Reselling of recently purchased homes may indicate early mortgage difficulties

Analysts warn that an increasing number of Australians selling homes owned for less than two years, often at a loss, could indicate early mortgage distress.

According to CoreLogic’s Pain and Gain report, which examines the profitability of home resales, data shows that an increasing number of Australians are selling their homes at a loss within a short ownership period.

Despite a 6.5% decline in overall home resales during the first quarter of this year compared to the previous year, CoreLogic’s Eliza Owen observed an unusual trend in the data.

Eliza Owen, speaking to ABC News, highlighted a notable rise in the percentage of individuals selling their homes after a relatively short period of ownership.
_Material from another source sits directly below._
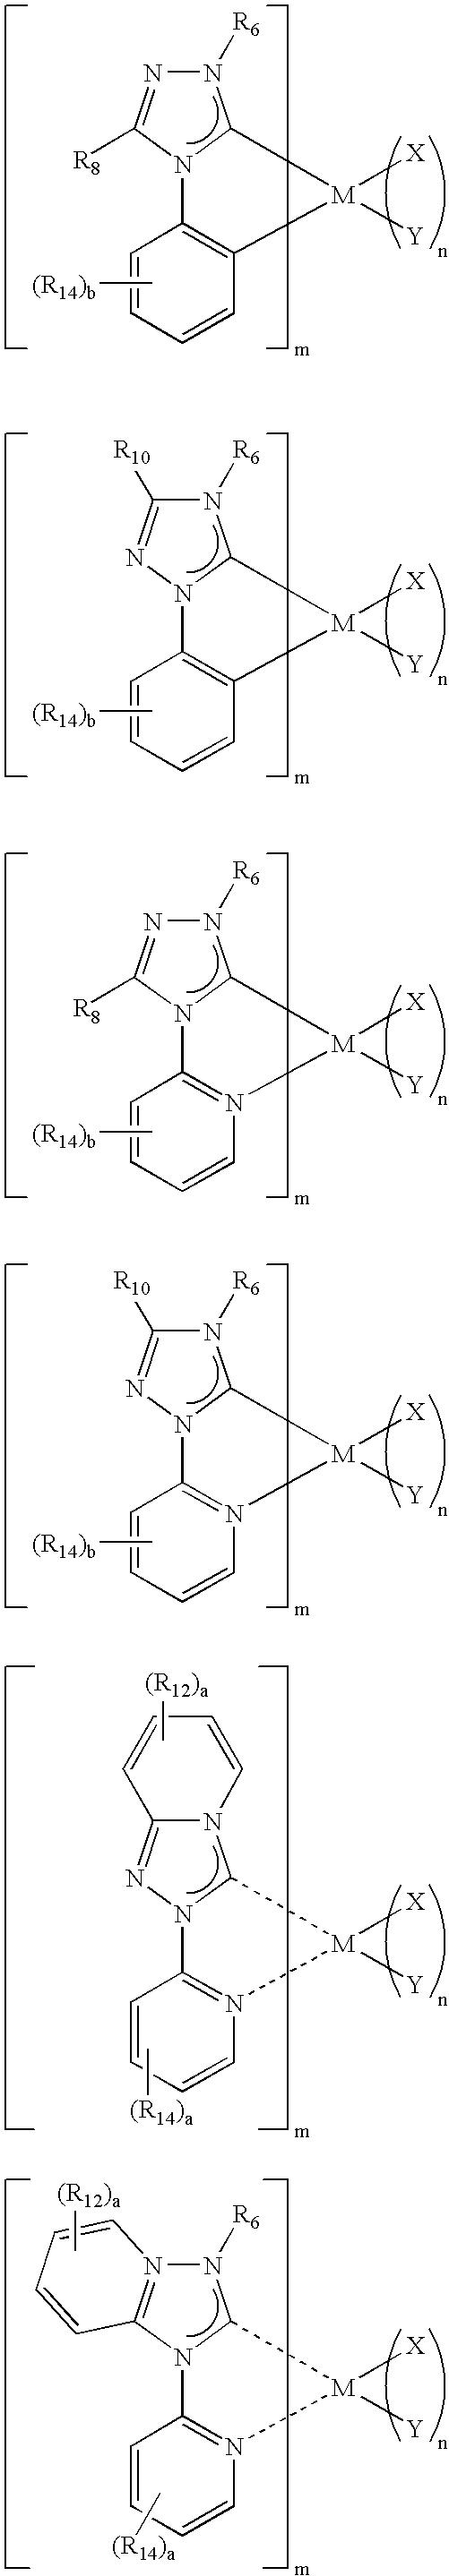 Figure US20050260441A1-20051124-C00039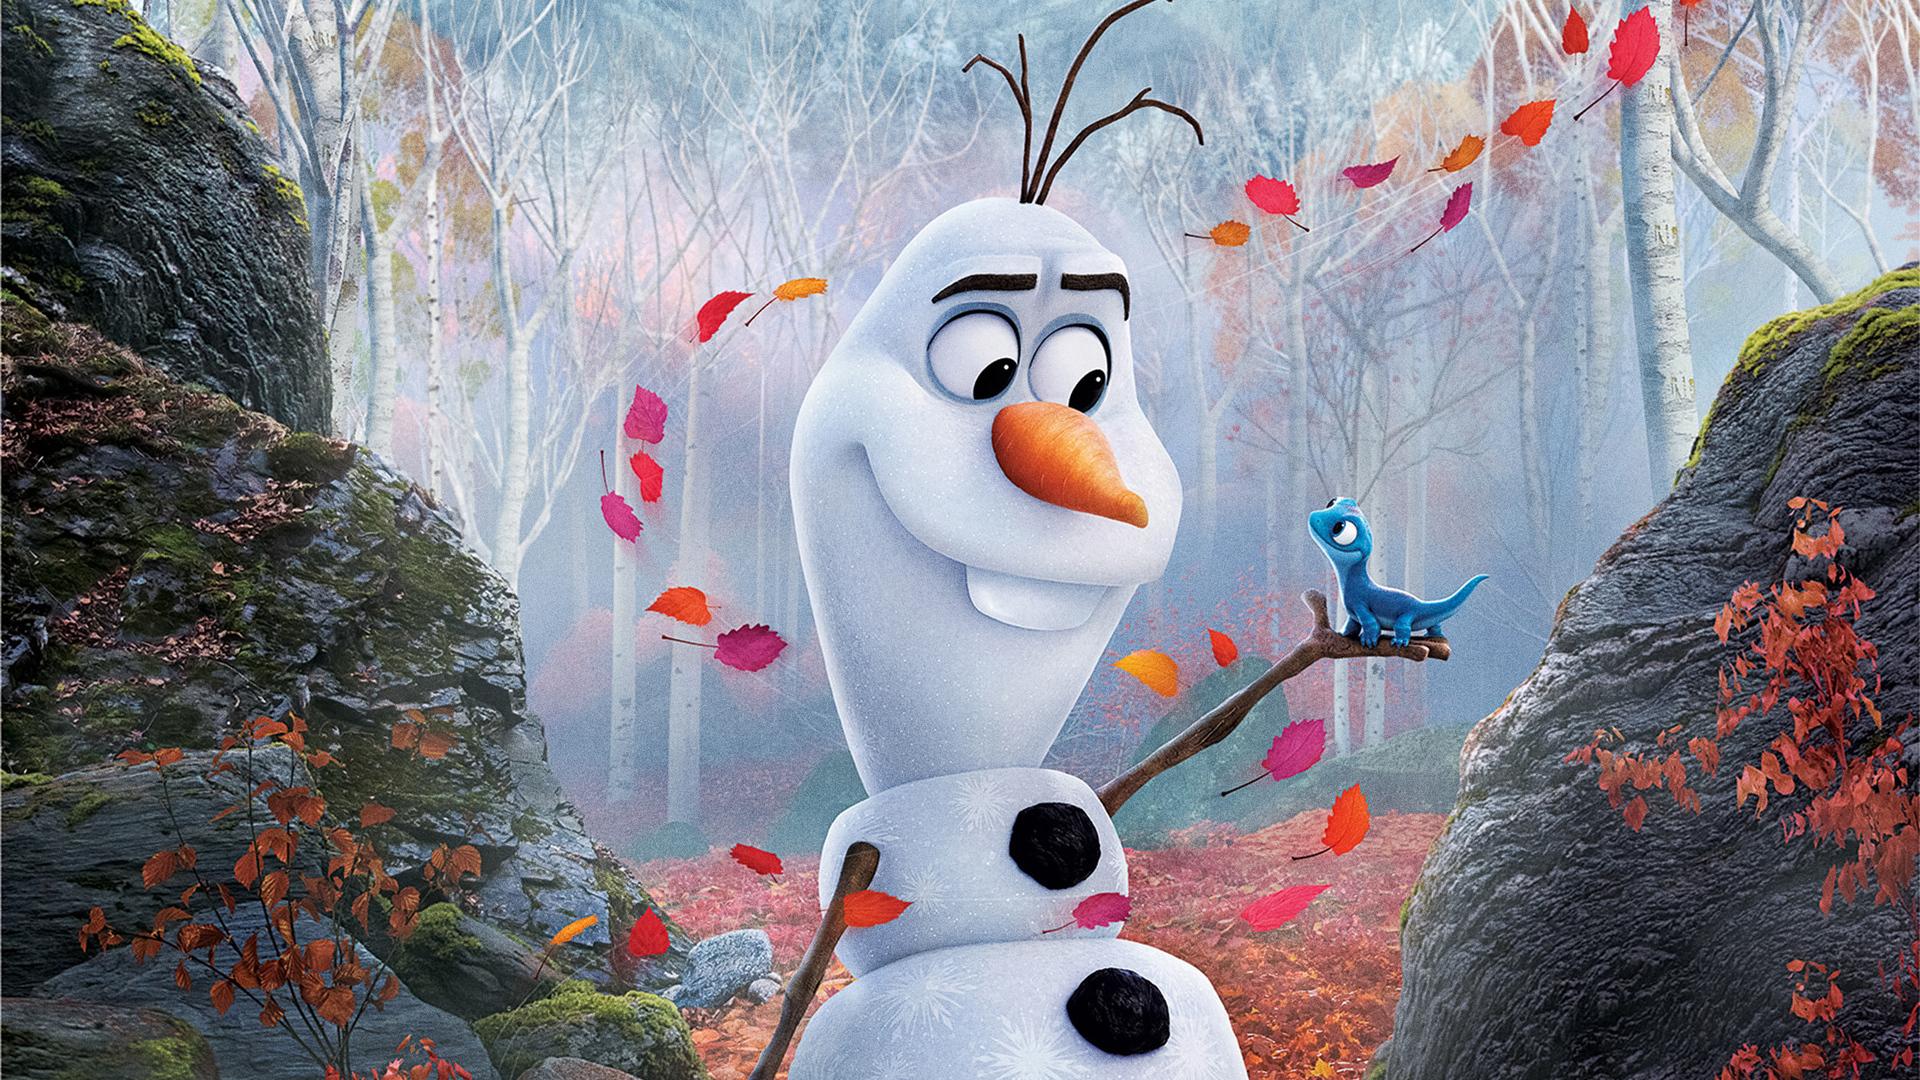 1920x1080 Olaf In Frozen 2 2019 Laptop Full HD 1080P HD 4k ...

Significantly, a noteworthy number of individuals are opting to sell their homes at a loss during this time.

Typically, in this type of resale analysis, we observe an opposite trend where the hold periods tend to extend as the market experiences declines.

Furthermore, the percentage of resales resulting in losses, which were held for less than two years, surged significantly from a mere 3 percent in the December quarter of 2021 to 12.4 percent in the latest data recorded in the March quarter.

According to Ms. Owen, the data provides supporting evidence to anecdotes she has come across through friends, contacts, and social media, where some property owners are opting to sell preemptively to avoid potential future obligations or circumstances.

According to her, “From the anecdotes I’ve come across, there are situations where individuals are selling their investment properties or choosing to sell their own homes due to financial limitations. They are finding it challenging to meet their mortgage payments or foresee difficulties in doing so within the next 12 months or when their fixed rate period ends.”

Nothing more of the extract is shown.